The tool uploads analysis data files and carries out the submission to a project, although possible for general use, these projects are generally associated with certain Data Hubs, and therefore result in analysis being submitted to the Data Hub. Altogether the tool does the following:
- Creates appropriate analysis and submission XMLs required for programmatic submission to REST API.
- Carries out submission process to ENA using generated XMLs.
- Obtains and stores resulting assigned analysis accessions.
The tool expects knowledge of the following, prior to usage:
- A valid INSDC project/study accession (e.g. PRJ...)
- One or more valid INSDC run accession(s), submitted to the project defined in 1 (e.g. ERR...). The script accepts multiple run accessions per analysis separated by commas or can read from a file with an accession per line.

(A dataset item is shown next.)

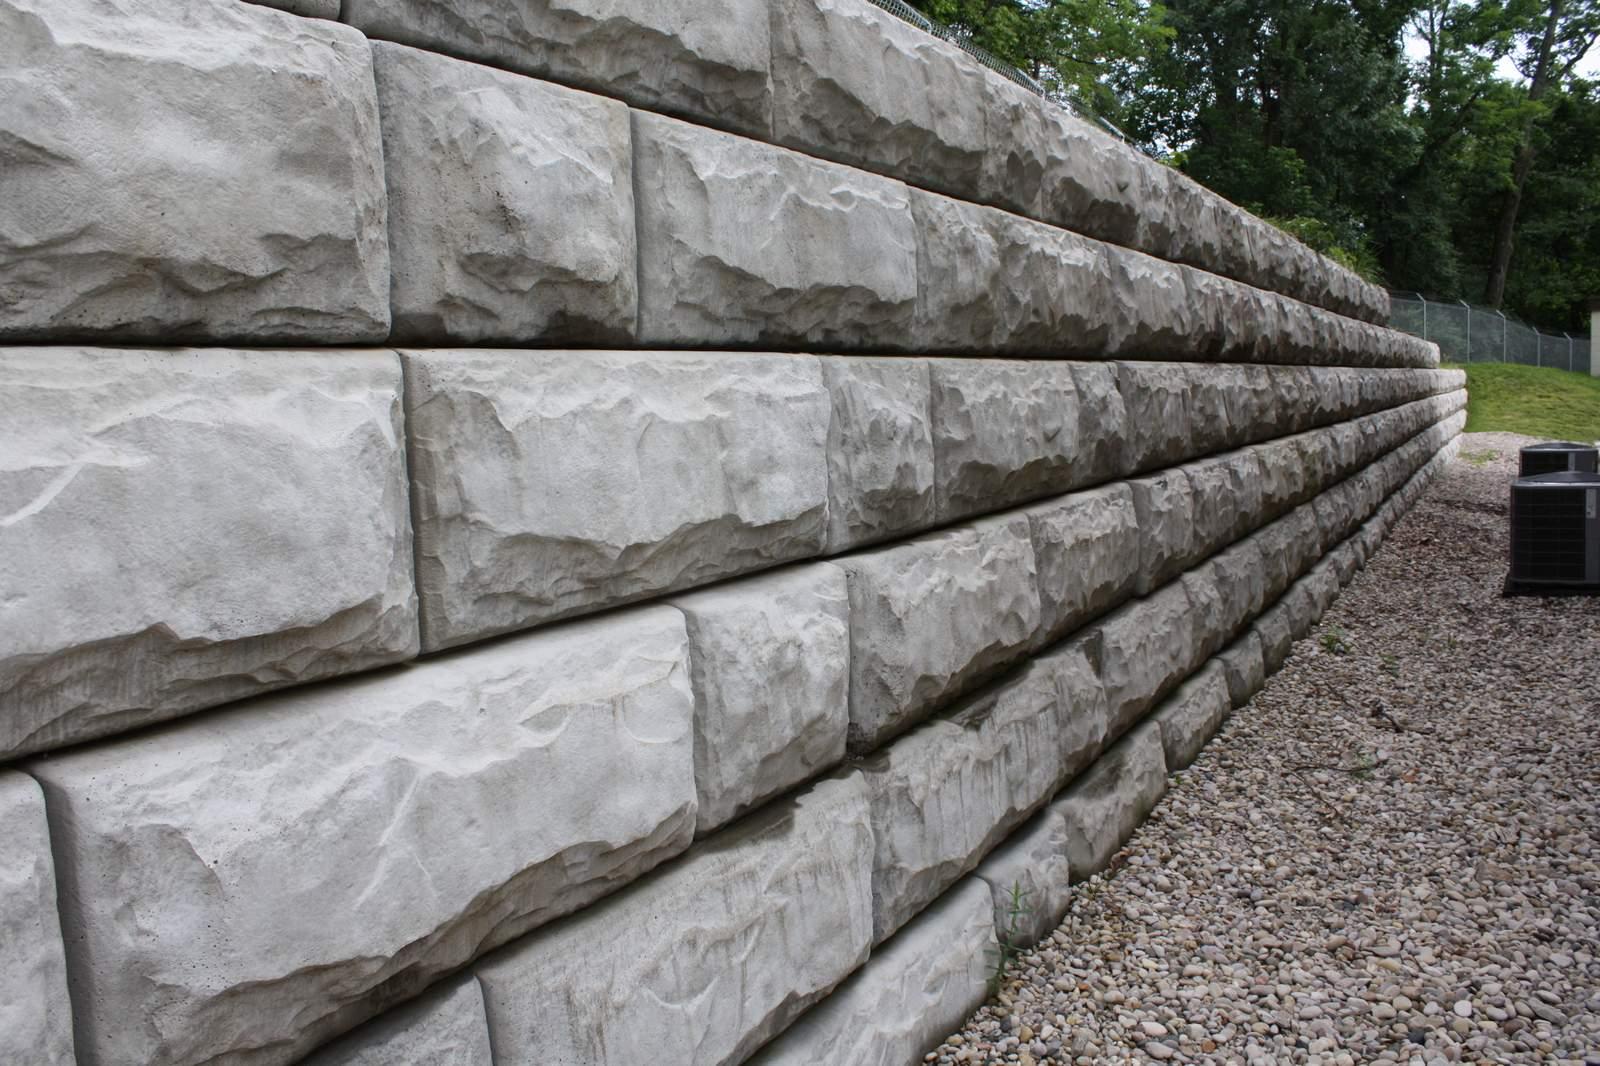 Redi-Rock wall in Cincinnati, OH

- One or more analysis files (full paths) to be submitted as part of the project in 1 and referring to the run(s) in 2. The script accepts multiple file names per analysis separated by commas or can be read from a file with a file per line.

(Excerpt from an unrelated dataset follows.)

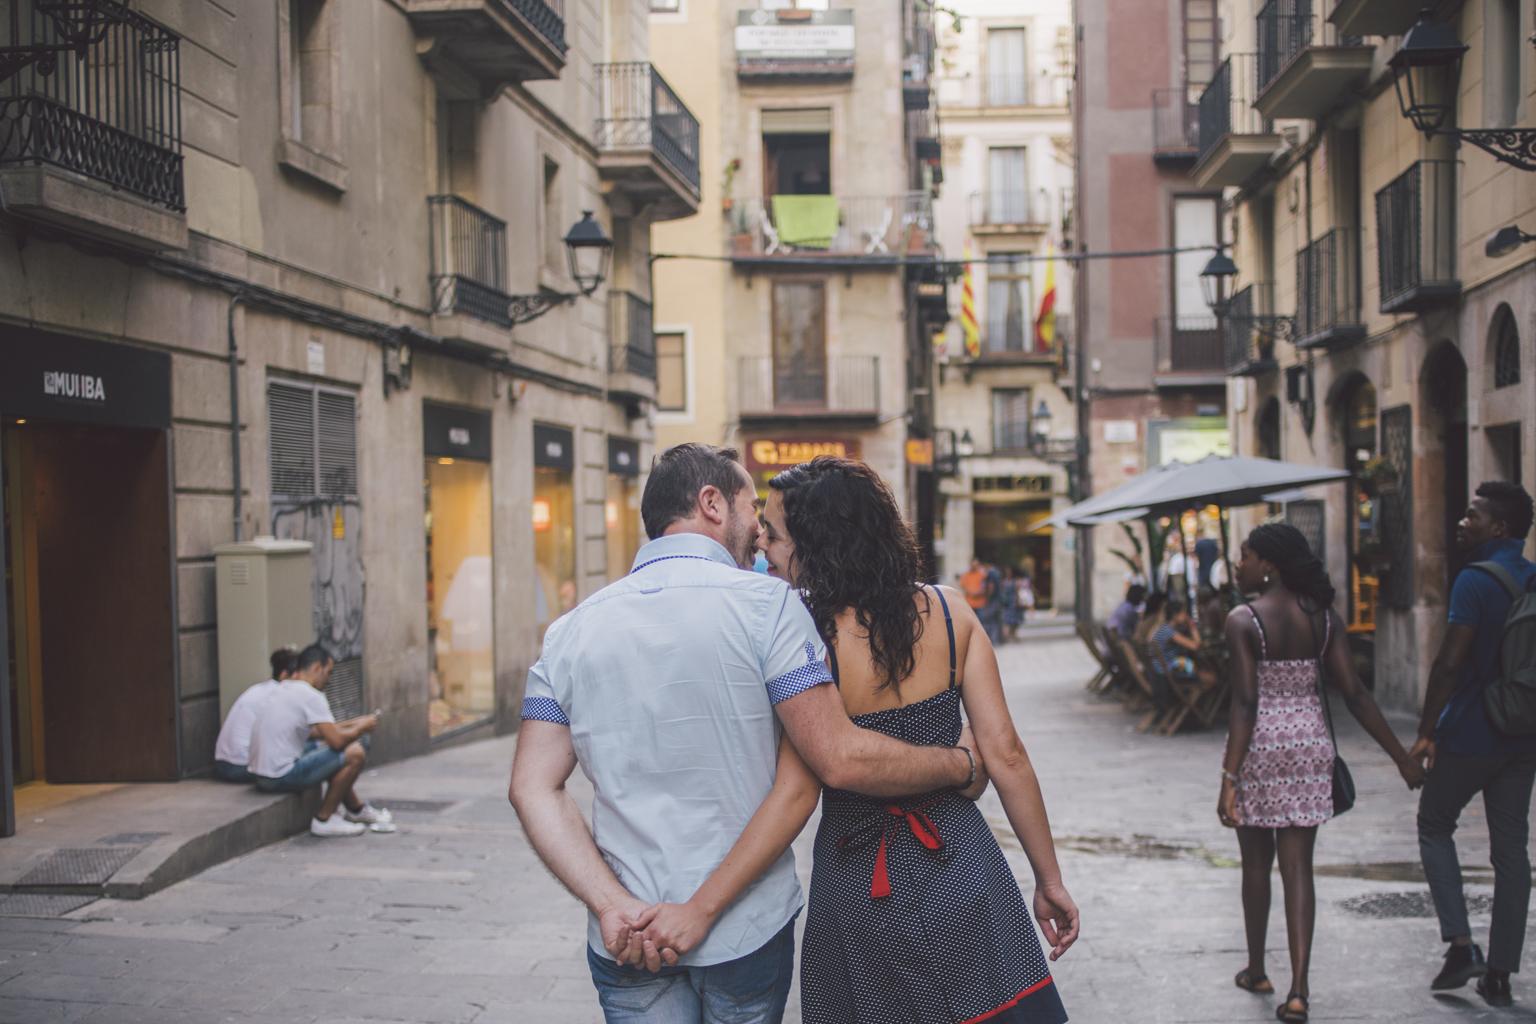 fotógrafo de pareja barcelona :: fotógrafo preboda barcelona :: fotografía romántica :: reportaje de pareja barcelona

python3 analysis_submission.py -p <PROJECT_ACCESSION> -s <SAMPLE_ACCESSION(S)> -r <RUN_ACCESSION(S)> -f <FILE_NAME(S)> -a <ANALYSIS_TYPE> -au <WEBIN_USERNAME> -ap <WEBIN_PASSWORD> -t
python3 analysis_submission.py --help
for more information.
An output directory can be specified using -o
flag, where the configuration file will be read from, and any output from the tool is stored. By default, the tool works from the current working directory.
To utilise the Docker container:
-
Pull from the docker repository:
docker pull davidyuyuan/ena-analysis-submitter:2.0
-
Run the image container interactively:
docker run -it -v pathto/data:/usr/local/bin/data ena-analysis-submitter:1.0 python analysis_submission.py -p <PROJECT_ACCESSION> -s <SAMPLE_ACCESSION(S)> -r <RUN_ACCESSION(S)> -f <FILE_NAME(S)> -a <ANALYSIS_TYPE> -au <WEBIN_USERNAME> -ap <WEBIN_PASSWORD> -t
(Changepathto/data
to specify the directory where your data files are held.)